Count Rodrigo clapped his hands. "Maria! Maria!" he called. And to Dorning, "Please sit down." He glanced at his guest, who was wholly occupied in surveying the shadowy Renaissance angels and saints on the wall opposite. "You are interested in murals!—but, of course, Dorning and Son. I remember the shop on Fifth Avenue. I was in New York last summer. I shall be glad to show you around this place. I have some originals that are considered very good."

He clapped his hands again. "Maria!" he called. Maria appeared. She was past middle age and fat and sleepy. She panted in anxiously and nodded vigorously as Rodrigo ordered wine. She panted in again soon, a scrolled solid silver tray with wine bottles and glasses in her hand, and set it down before the two men. They drank solemnly to the destruction of Minardi.

John Dorning was almost immediately glad that he had come. Amid these splendors of a bygone day he was at home. Peace and contentment, aided by the wine, crept over him. The sixteenth century chair upon which he sat, the intricately carved table which held his wine-glass, the frescoed walls, the painted ceilings—these were part of his world, the world he loved.

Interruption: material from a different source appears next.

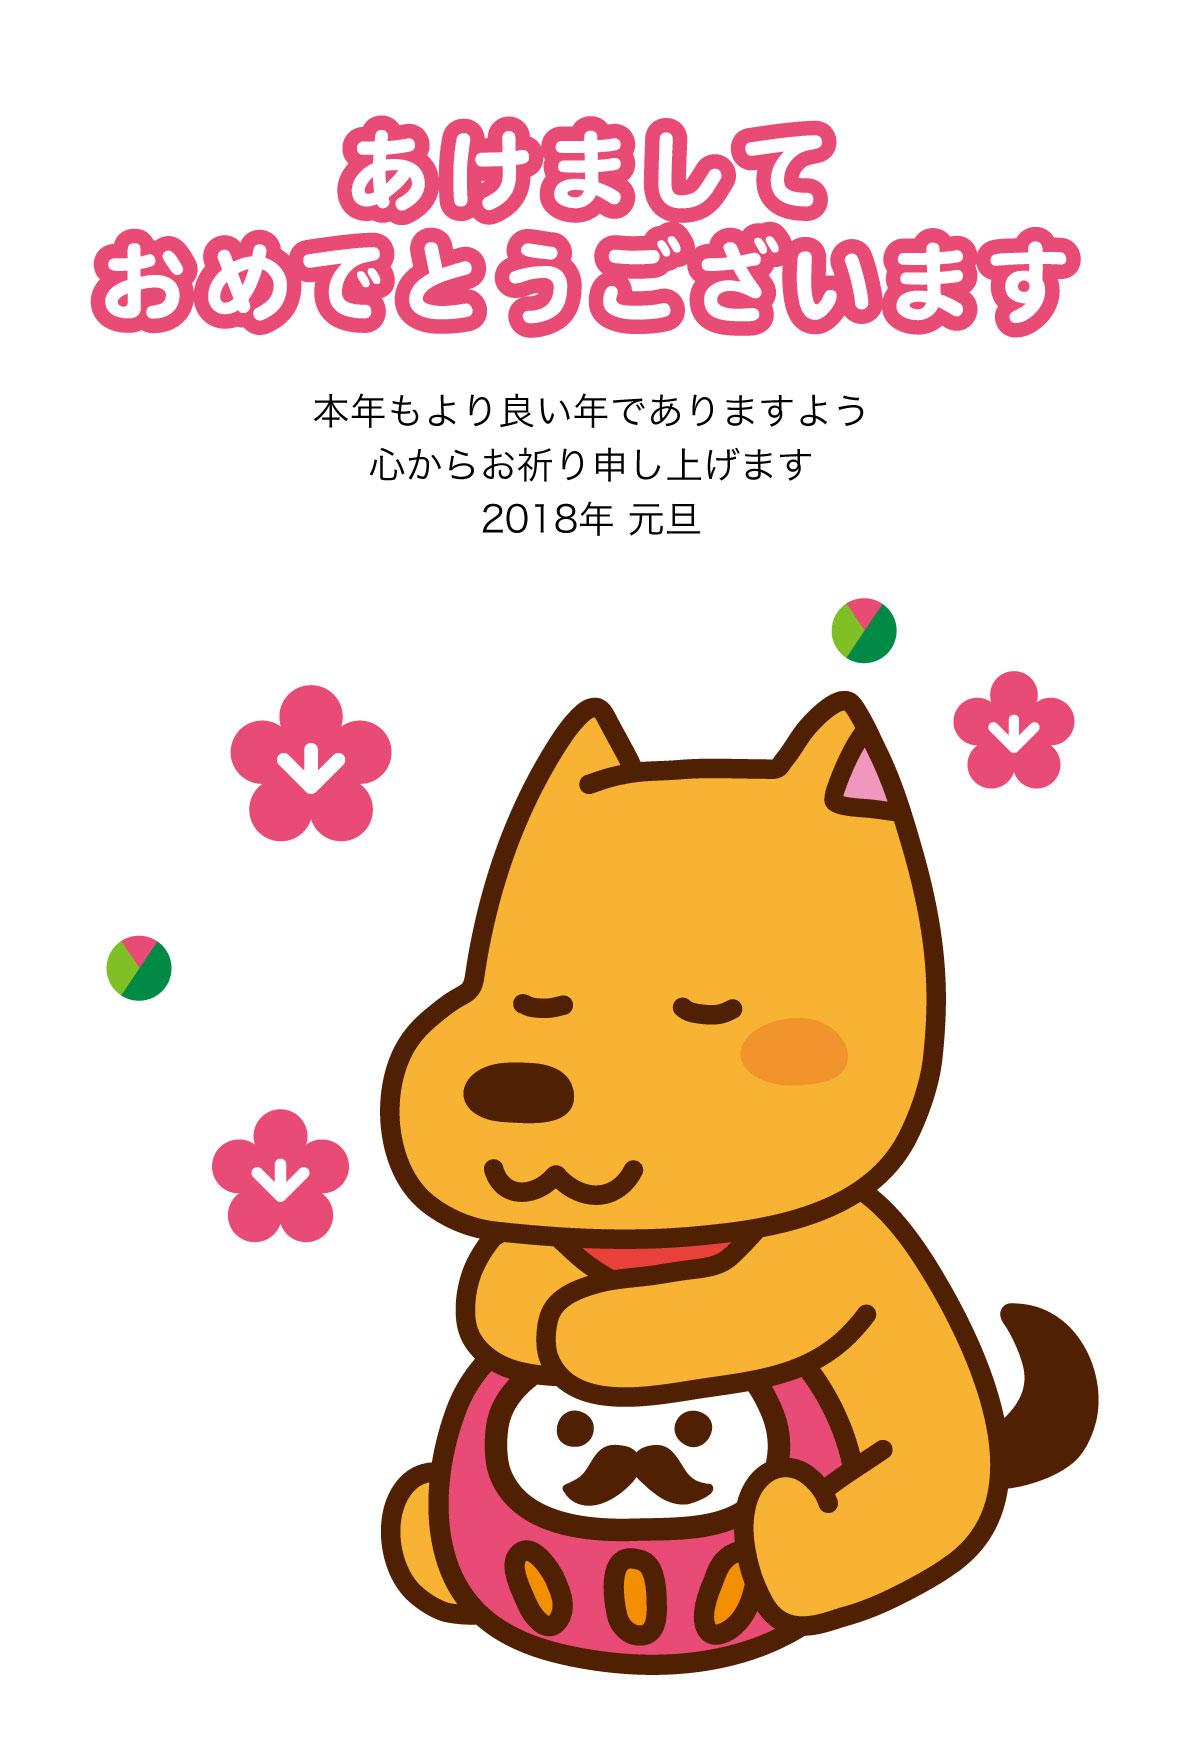 ダルマを抱える犬のイラスト年賀状(戌年) | かわいい無料年賀状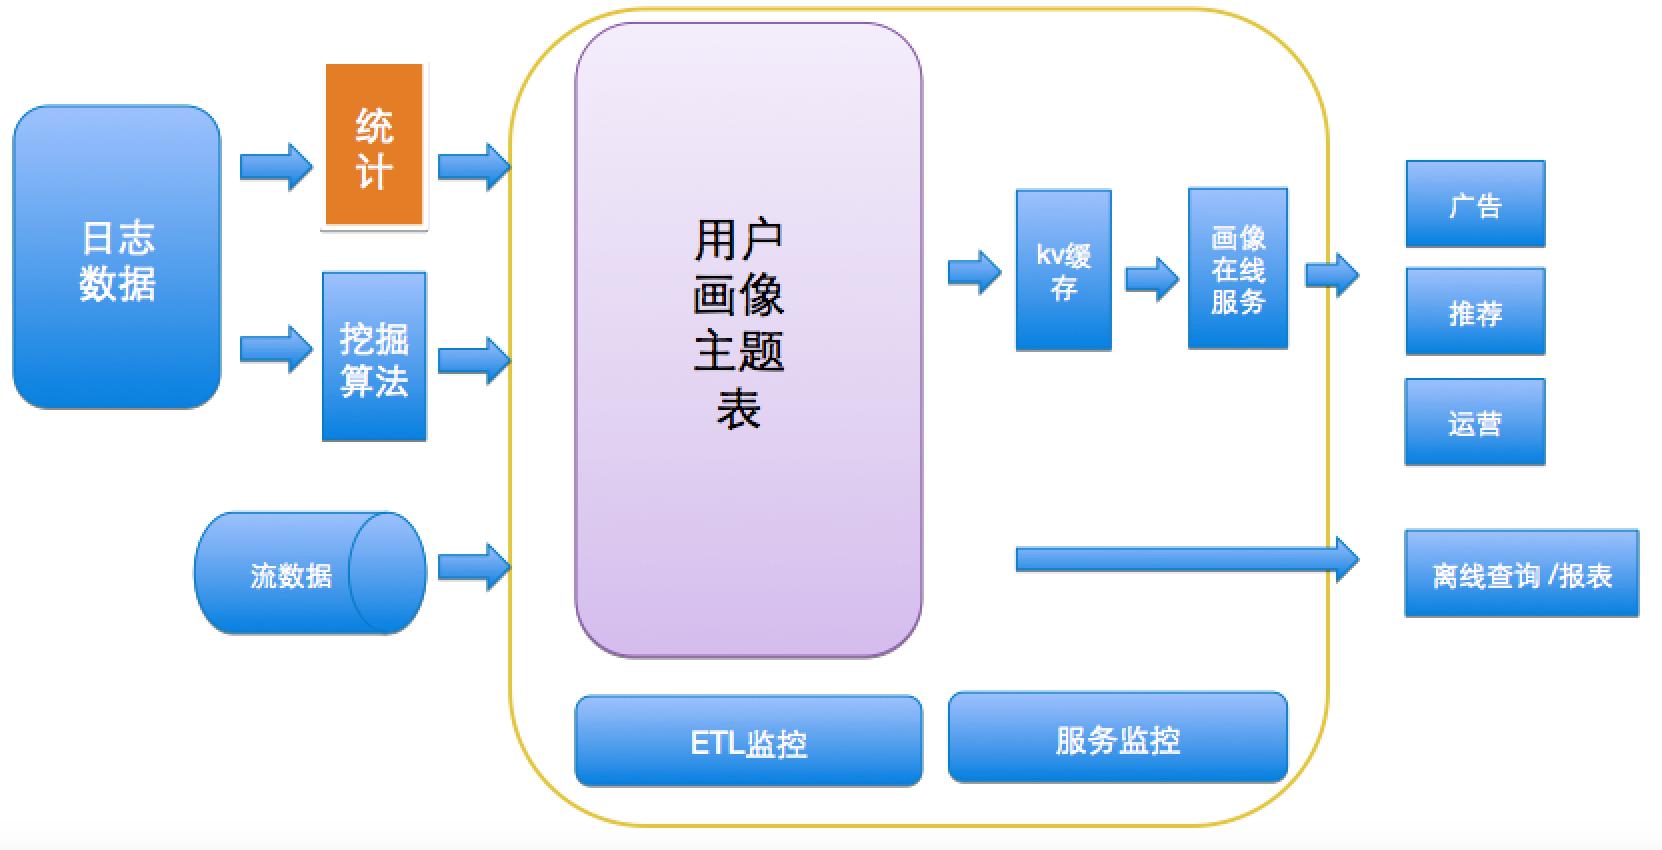 画像系统架构

Young Count Rodrigo sensed what sort of man his guest was at once, and was pleased. For there was in the young Italian, among other qualities less desirable, a strain of appreciation of the beautiful. He was proud of the masterpieces of art which his run-down palace sheltered. He abandoned abruptly his description, over the second glass of wine, of how Minardi's mistake had come about and switched the conversation to the Renaissance and what it owed to the famous Giotto, a rare specimen of whose work hung before them.

John Dorning warmed up at once. In half an hour he found himself liking his host and rendering silent tribute to the man's intimate knowledge of the whole range of Italian painting and sculpture. The flippancy had gone out of Torriani's manner. The two men argued, agreed, split, and drank more wine. Maria, waddling in and out with refreshments, wondered if she would ever again get to her bed. Dorning suggested that one trouble with the Renaissance painters was that they laid too little emphasis upon technical perfection.

"Technical perfection—bah!" cried Torriani, springing up, spilling his wine, striding over to the painting by Giotto. "Look at this, man! Look at it. And try to tell me what knowledge of form and mere technical cleverness have got to do with a genius like Giotto, who feels, who spreads the very breath of life upon canvas!" The black eyes flashed. Torriani thumped his chest.